Sekretaris Kabinet Pramono Anung menambahkan, salah satu sektor yang banyak disorot adalah industri film. Salah satunya bioskop. Dia mengatakan, selama ini hanya ada 1.117 layar bioskop di Indonesia dan yang bisa mengakses sekitar 13 persen penduduk Indonesia. Dari jumlah tersebut, 87 persen layar ada di Pulau Jawa dan 35 persennya di Jakarta.
Menurut Pramono, selama ini industri distribusi film di Indonesia terjebak dalam oligarki karena hanya dikuasai tiga atau empat pemain. Karena itu, dikeluarkannya industri bioskop dari daftar DNI diharapkan bisa memicu investasi besar sehingga jumlah layar bisa naik signifikan dan dapat diakses lebih banyak masyarakat. ”Ini juga penting untuk menumbuhkan industri perfilman nasional,” ucapnya.
Kepala Badan Koordinasi Penanaman Modal (BKPM) Franky Sibarani menambahkan, bidang usaha perfilman mendapat perhatian khusus karena masuk industri kreatif yang getol dikembangkan pemerintah. Karena itu, pemerintah juga tengah menuntaskan aturan yang mewajibkan bioskop memutar film Indonesia minimal 65 persen dari total jam pertunjukan. ”Dengan begitu, akan makin banyak film yang diproduksi di dalam negeri,” ujarnya.
Franky mengakui, bidang-bidang usaha tersebut dilonggarkan selain bertujuan menguatkan pasar domestik, juga karena sudah banyak investor yang antre. ”Misalnya, untuk industri bahan baku obat, bioskop, cold storage, itu banyak yang antre mau masuk, ada dari Amerika, Jepang, Singapura, Korea, dan negara lain,” ujarnya.
Terkait adanya tudingan bahwa pelonggaran DNI merupakan bentuk liberalisasi pasar, Pramono Anung membantah.
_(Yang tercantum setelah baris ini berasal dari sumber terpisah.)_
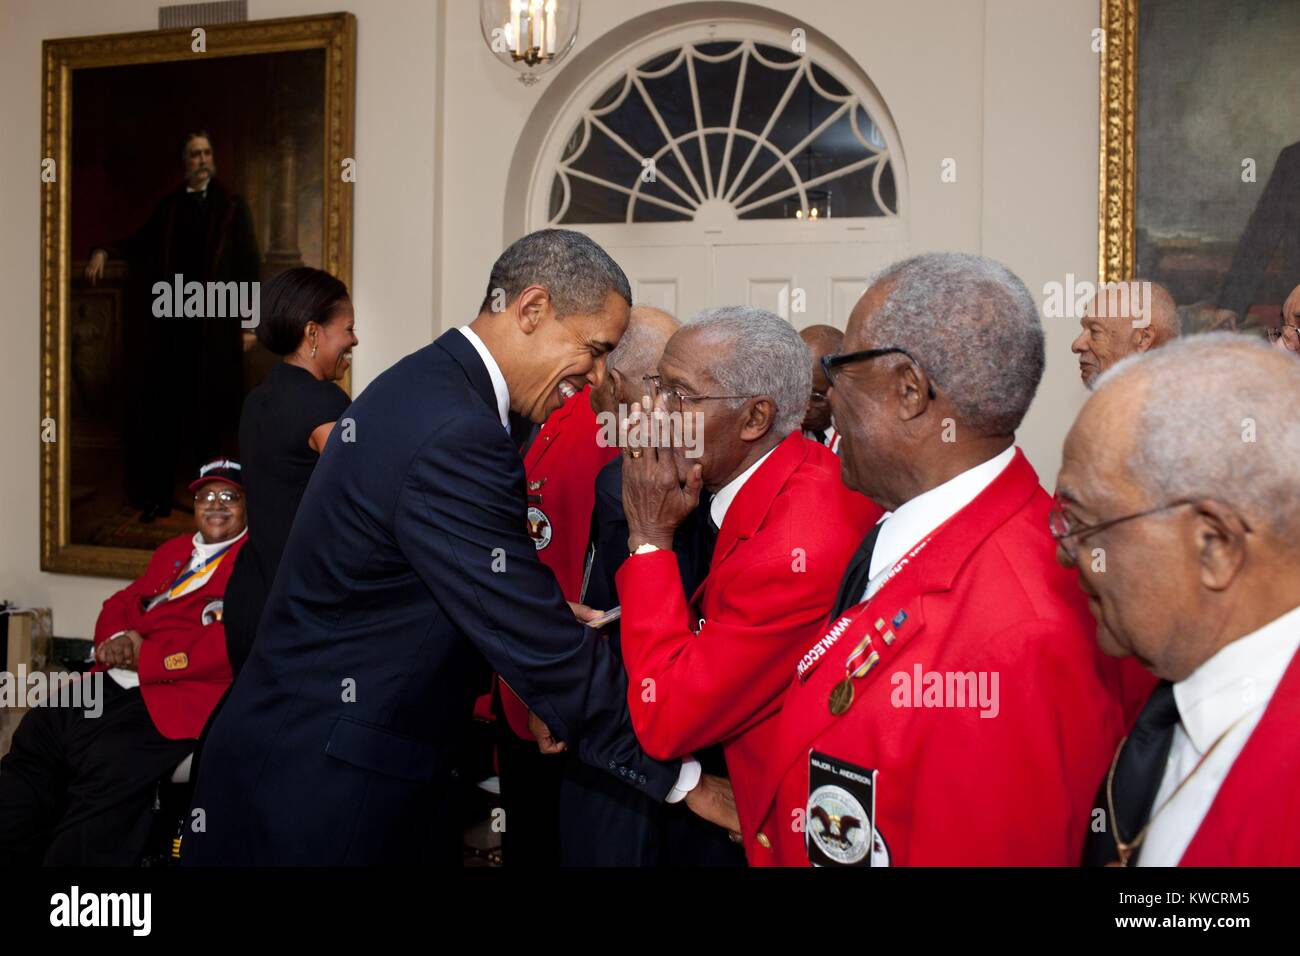 President Barack and Michelle Obama greet Tuskegee Airmen. Jan. 13, 2012. They were attending a screening of the film RED TAILS, in the White House family theater. (BSLOC 2015 3 76) Stock Photo

Menurut dia, kebijakan itu lebih tepat disebut sebagai modernisasi ekonomi untuk memunculkan usahawan dan inovator baru serta meningkatkan daya saing Indonesia di skala regional dan global. ”Sebab, untuk pelaku usaha mikro, kecil, menengah, dan koperasi, pemerintah tetap memproteksi,” katanya.
Darmin Nasution menambahkan, proteksi terhadap pelaku usaha UMKM dan koperasi itu dilakukan dengan menetapkan batas minimal investasi atau kekayaan aset bersih Rp 10 miliar. ”Artinya, kalau asing mau masuk ke bidang usaha yang sudah dilonggarkan atau dibuka, tapi investasinya di bawah Rp 10 miliar, tidak boleh,” jelasnya.
Bagaimana tanggapan pelaku usaha? Direktur Eksekutif Gabungan Perusahaan (GP) Farmasi Dorodjatun Sanusi menyambut gembira lantaran pemerintah akhirnya mengakomodasi usulan GP Farmasi untuk membuka 100 persen sektor hulu. Sebab, selama ini ketergantungan terhadap bahan baku impor masih sangat tinggi. ”Sekitar 90 persen masih impor. Jadi, kami perlu tambah investasi di sektor hulu,” ujarnya.